Some modeling environments Like Azure provide the option to do what is called a parameter sweep. That is, the environment will systematically try a variety of different hyperparameter settings to determine which combination of parameter settings produces the best result.
How use of the validation set can cause overfitting
When the validation dataset is used to tune hyperparameters, some overfitting can be introduced during this process. When the validation data is used to tune hyperparameters, the estimated prediction error may be artificially low because of overfitting introduced during hyperparameter tuning.

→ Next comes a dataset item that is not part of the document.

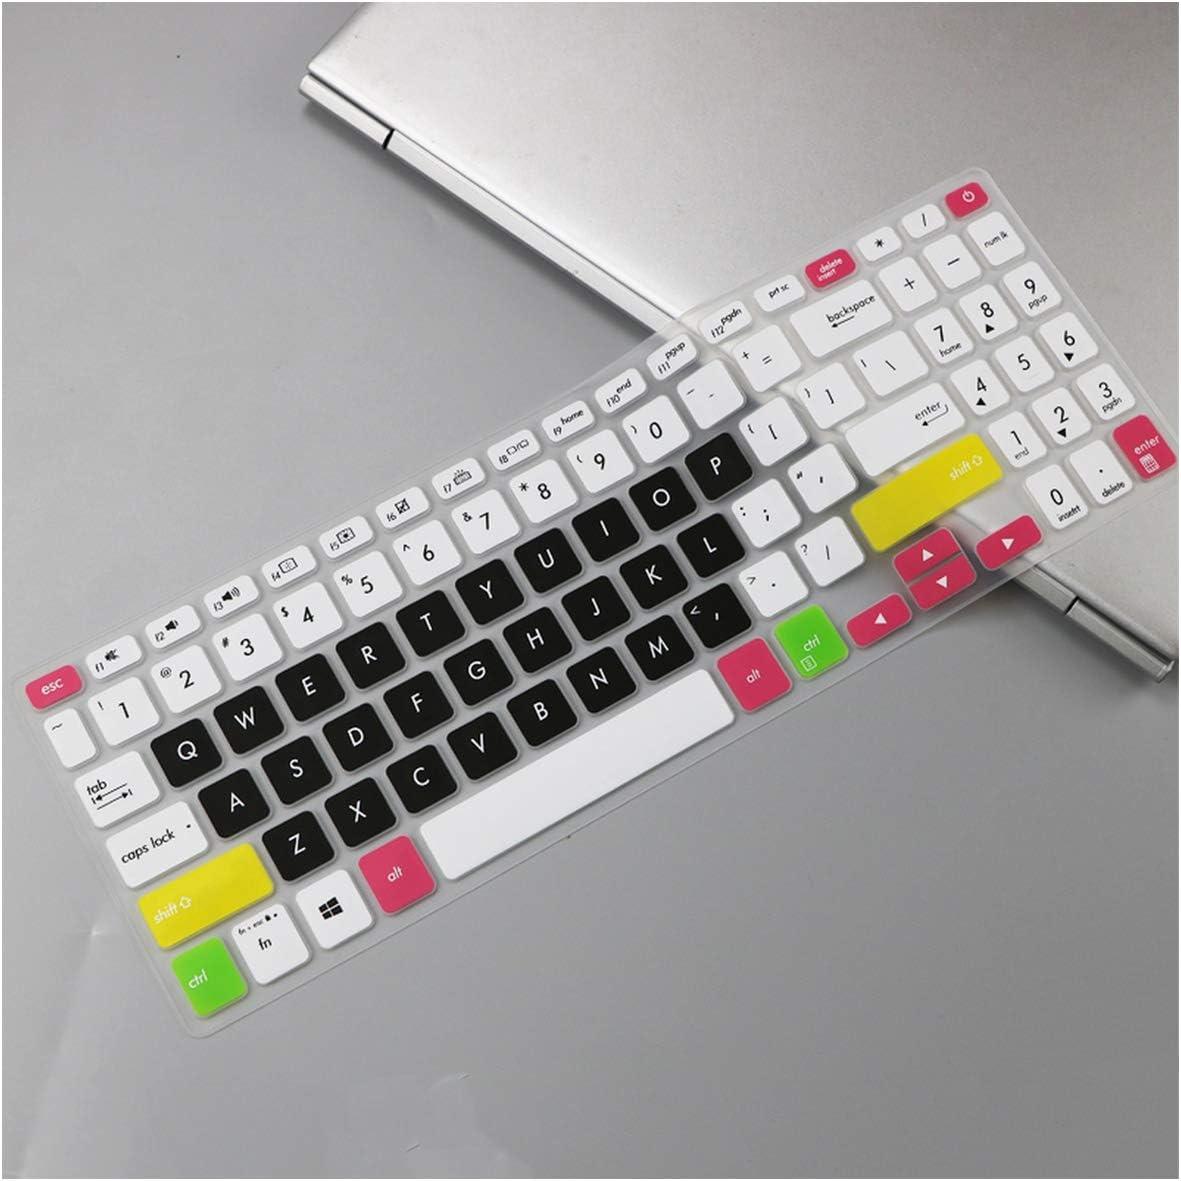 for Asus Vivobook S15 S530un S530F S530FN S530ua S530UF S530fa S530U S530 UN UA 15.6 Inch Keyboard Protector Skin Cove,whiteblue

In addition to tuning hyperparameters the validation set may introduce some overfitting by just being used evaluate models during preliminary model evaluation. For example, the validation data may not perfectly represent that data the model is to be used for. So just using the validation data to choose models may result in the selection of a model that might not be ideal when it is used on the test dataset. This occurs frequently.

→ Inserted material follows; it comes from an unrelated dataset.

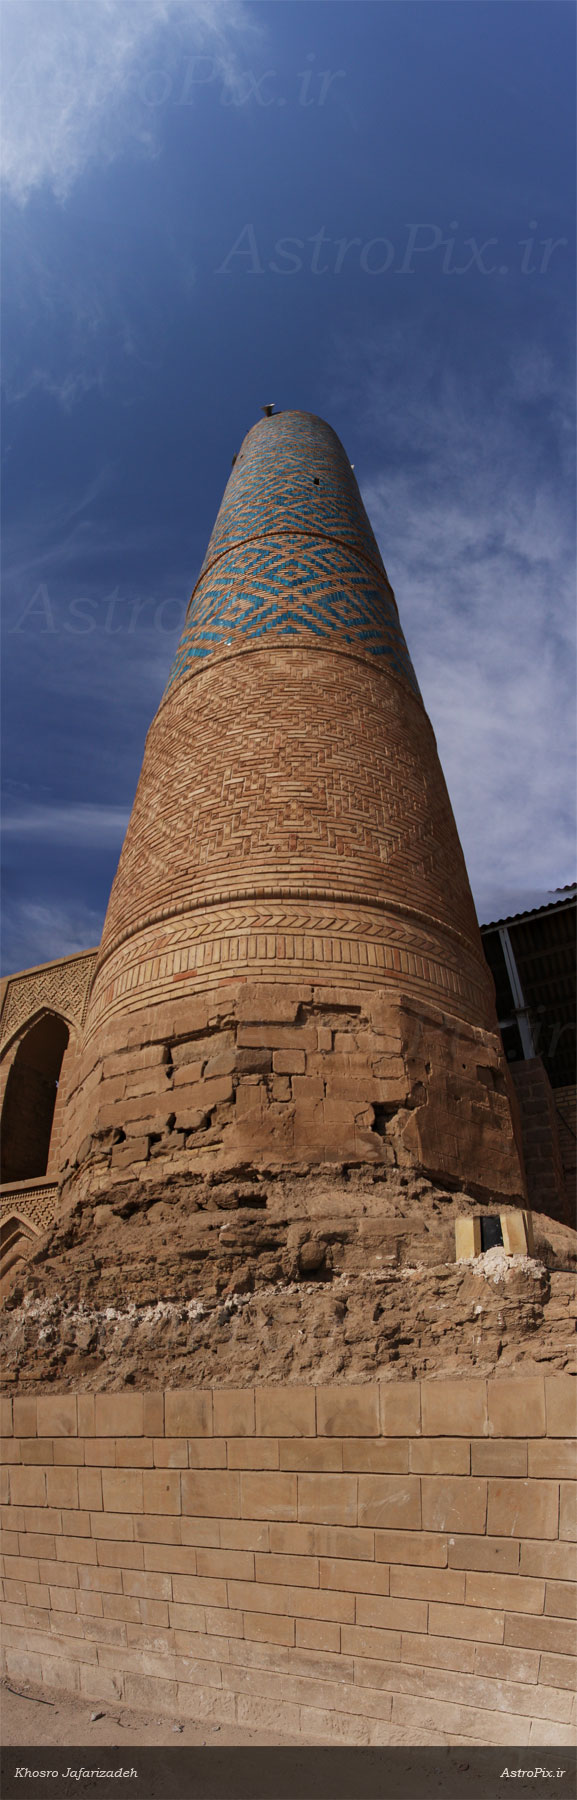 Mosque_Jamee_Shushtar_07

During the process of selecting the best models, we sometimes compare models that used the validation data to tune hyperparameters with models that did not use the validation dataset to tune hyperparameters. So, if we used three partitions in some cases and two partitions in other cases, we would compare models where the validation set introduced overfitting with models where that did not happen. To avoid this, it is simpler to use a test set to evaluate all models.
The test set is generally well curated. It contains carefully sampled data that reflects the distribution of various classes that the model would face, when used in the real world.
Use of the test set is the best practice for classic hold-out model evaluation
Because of the above reasons, best practice is to use test set for final model evaluation. Some practitioners use the validation set as the test set but it is not good practice. Using the test partition as the basis of final comparison across all models provides the best, most conservative basis of comparison. Use of Test dataset is the gold standard used to evaluate the model. It is only used once a model is completely trained by using the train and validation sets.
The test set is used to assess the generalization error of the final chosen model when applied to new "unseen" data. Ideally, the test set should be kept in a "vault," and be brought out only at the end of the data analysis. In no way, is the test set used to refine the model parameters or the hyperparameters.
The test set is generally what is used to evaluate competing fully trained models. For example, in many Kaggle competitions, the validation set is released initially along with the training set. But the test set is only released when the competition is about to close. The winner is chosen based on how well the model performs on the Test set.
Use of the model on production data
The final step is application of the finished model to predict outcome values for instances that have known input values but no known output values. At the time of model application, the analyst does not know exactly how well the model is performing, but the analyst has an informed estimate of how well it will do. Later as the actual outcome values are discovered, they can be compared to the predicted outcome values to see how well the model did.